如何在 Numba 中以每行线程为基础遍历 3D 矩阵?
How can I traverse a 3D matrix on a thread per row basis in Numba?
我正在尝试使用 Numba CUDA 实现基于运行的内核,我需要在每个线程的基础上逐行遍历 3D 矩阵的元素,即为每个线程分配一行,迭代该行的所有元素行。
例如,如果为了简单起见,我要使用具有 50 行和 100 列的 2D 矩阵,我将需要创建 50 个线程来遍历各自行的 100 个元素。
有人能告诉我怎么做吗?
原来其实很简单。您只需要启动与行一样多的线程,并让内核“指出”它的方向。
这是一个简单的内核,演示了如何在 3D 矩阵 (binary_image) 上进行这样的迭代。
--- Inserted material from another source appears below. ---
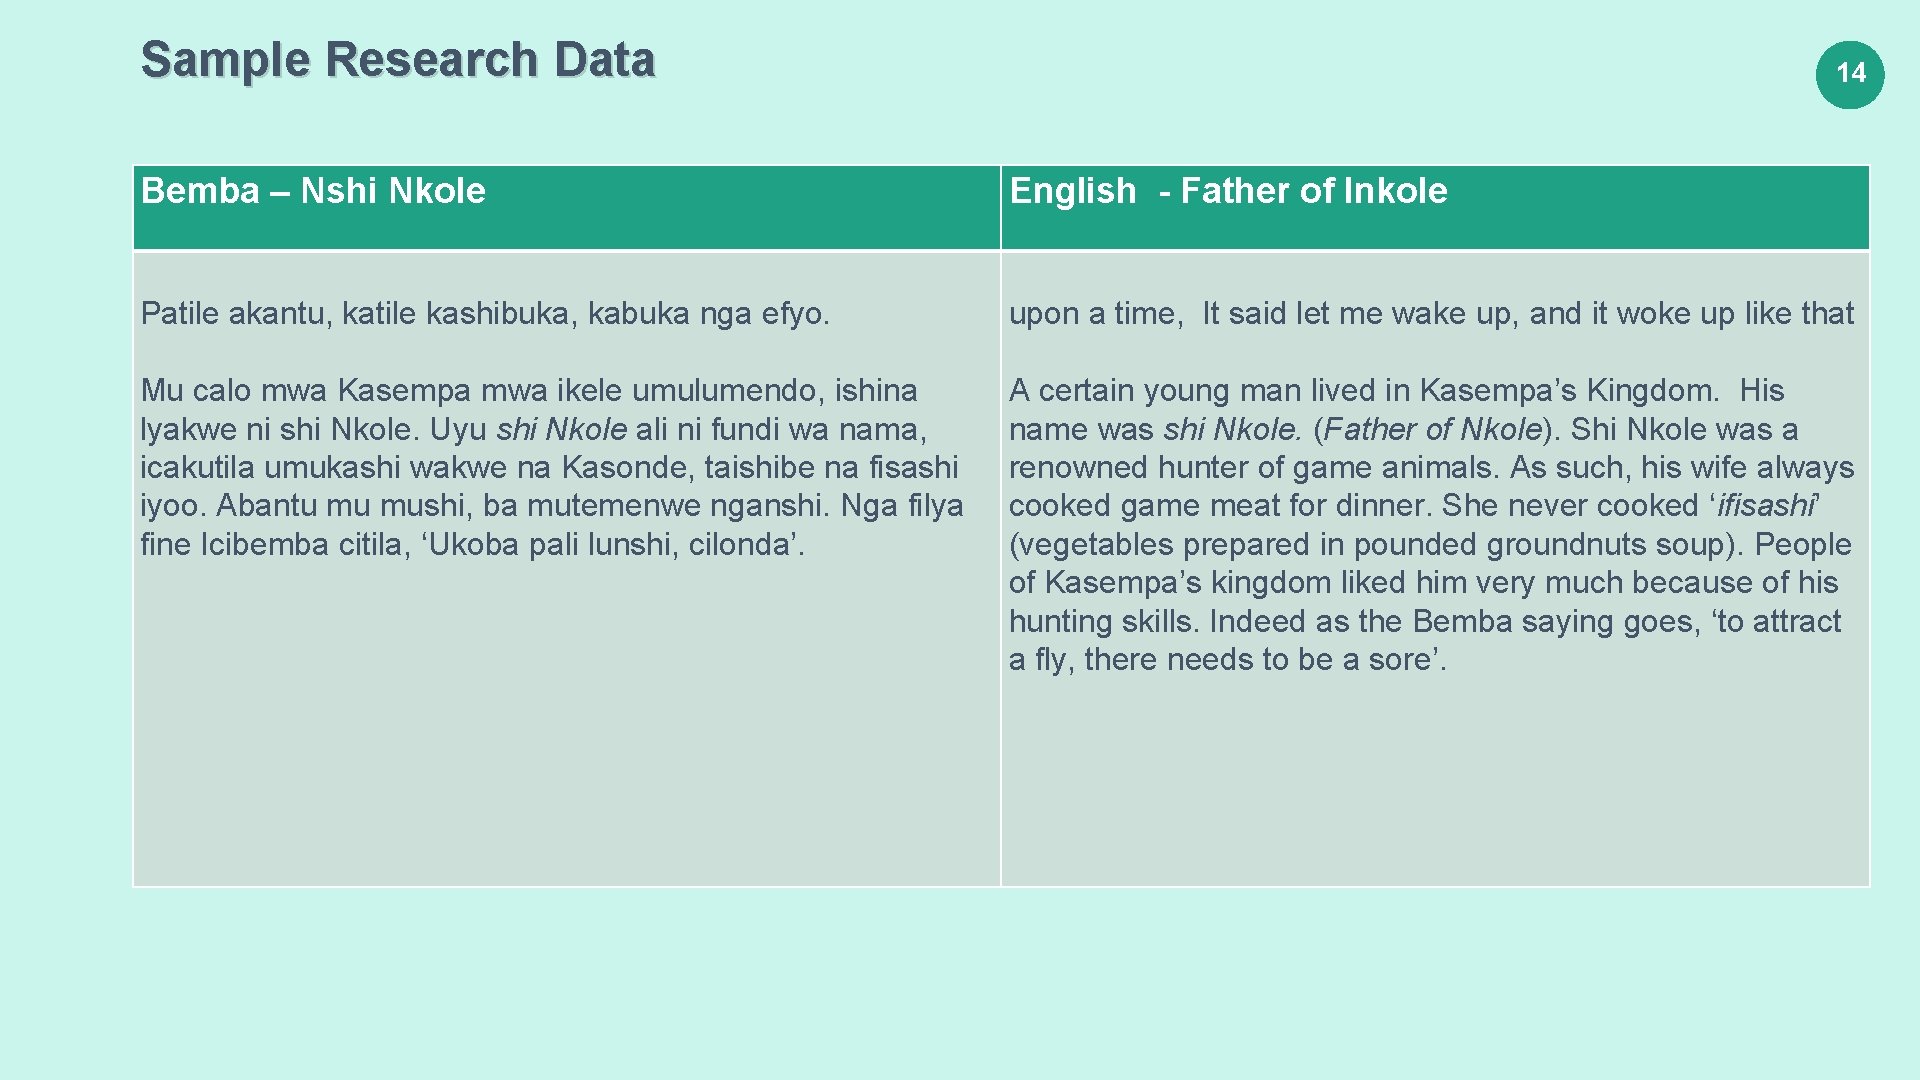 Sample Research Data 14 Bemba – Nshi Nkole English - Father of Inkole Patile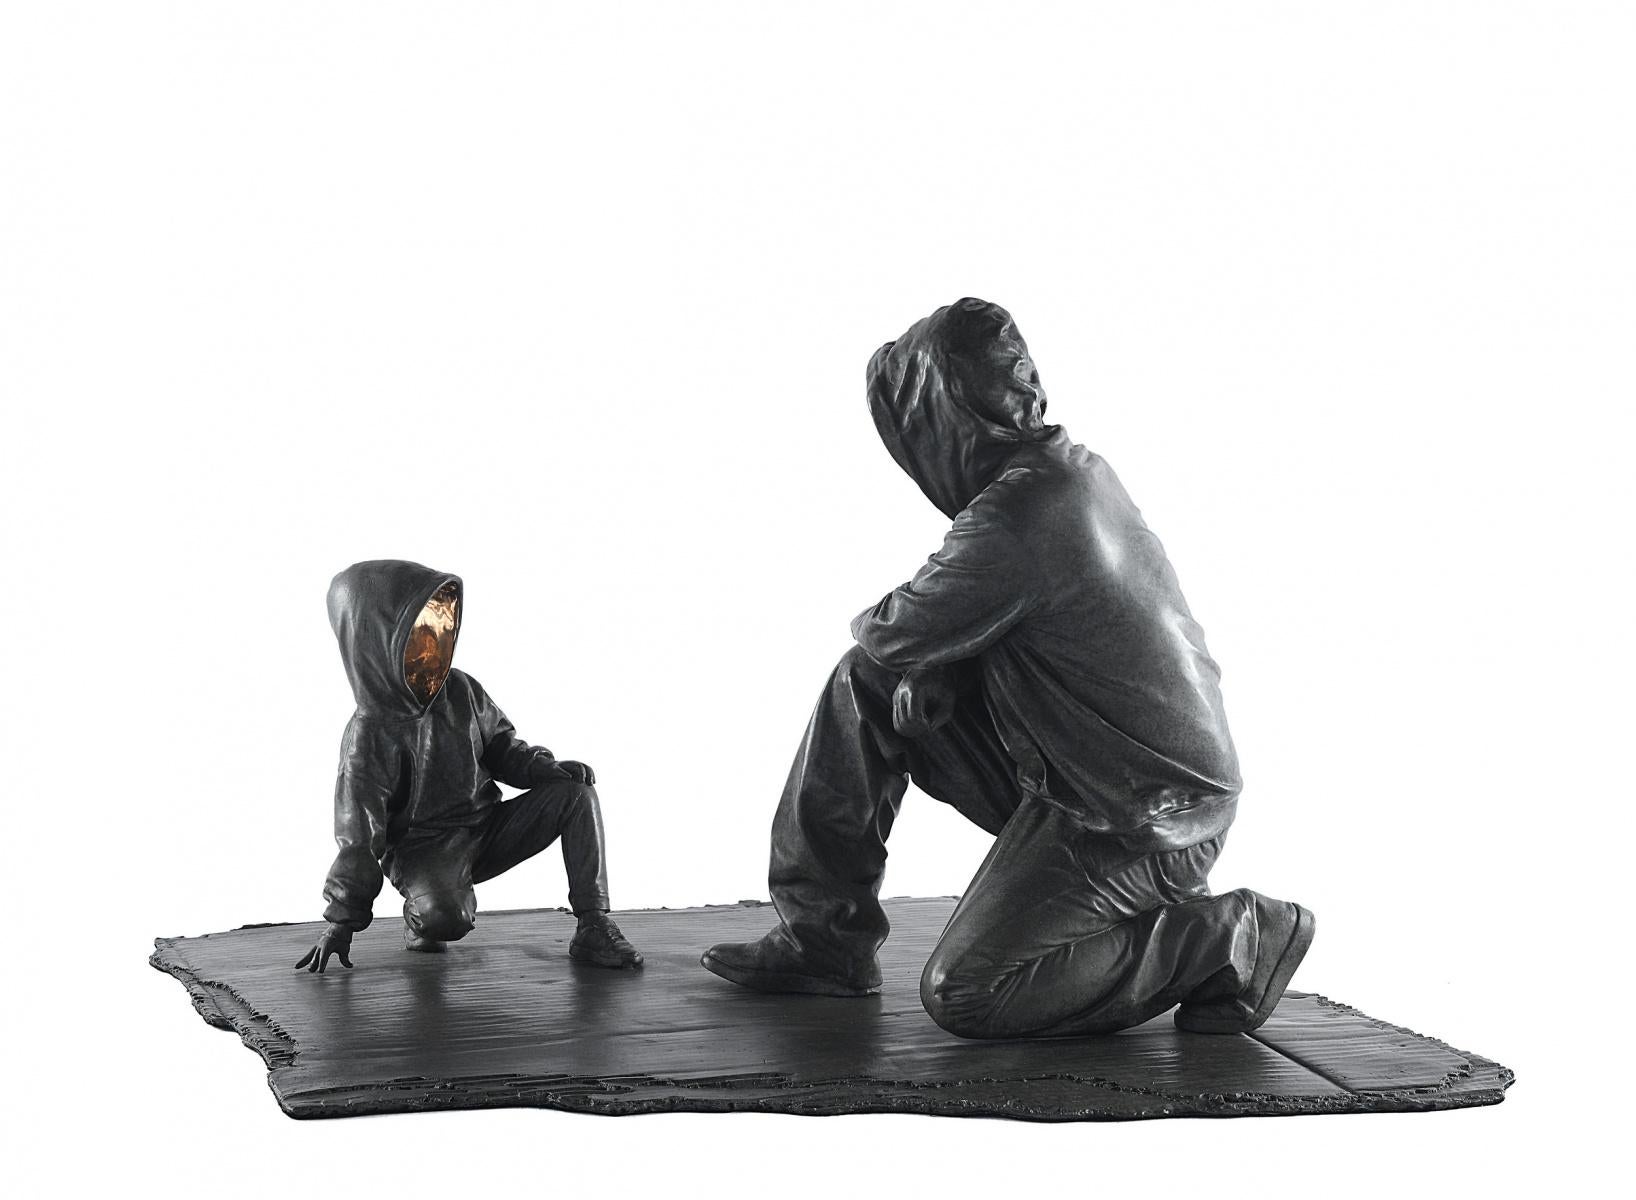 "Dear Thedodsia" Sculpture en bronze 13 x 15 x 13 pouces Edition 3/8 par Huang Yulong

À PROPOS DE L'ARTISTE
Huang Yulong est né en 1983 dans la province d'Anhui, en Chine. En 2007, il a obtenu une licence en sculpture de l'Institut de céramique de

内核本身是我正在实现的 CCL 算法的一部分,但可以安全地忽略它:
from numba import cuda
@cuda.jit
def kernel_1(binary_image, image_width, s_matrix, labels_matrix):
# notice how we're only getting the row and depth of each thread
row, image_slice = cuda.grid(2)
sm_pos, lm_pos = 0, 0
span_found = False
if row < binary_image.shape[0] and image_slice < binary_image.shape[2]: # guard for rows and slices
# and here's the traversing over the columns
for column in range(binary_image.shape[1]):
if binary_image[row, column, image_slice] == 0:
if not span_found: # Connected Component found
span_found = True
s_matrix[row, sm_pos, image_slice] = column
sm_pos = sm_pos + 1
# converting 2D coordinate to 1D
linearized_index = row * image_width + column
labels_matrix[row, lm_pos, image_slice] = linearized_index
lm_pos = lm_pos + 1
else:
s_matrix[row, sm_pos, image_slice] = column
elif binary_image[row, column, image_slice] == 255 and span_found:
span_found = False
s_matrix[row, sm_pos, image_slice] = column - 1
sm_pos = sm_pos + 1
我正在尝试使用 Numba CUDA 实现基于运行的内核,我需要在每个线程的基础上逐行遍历 3D 矩阵的元素,即为每个线程分配一行,迭代该行的所有元素行。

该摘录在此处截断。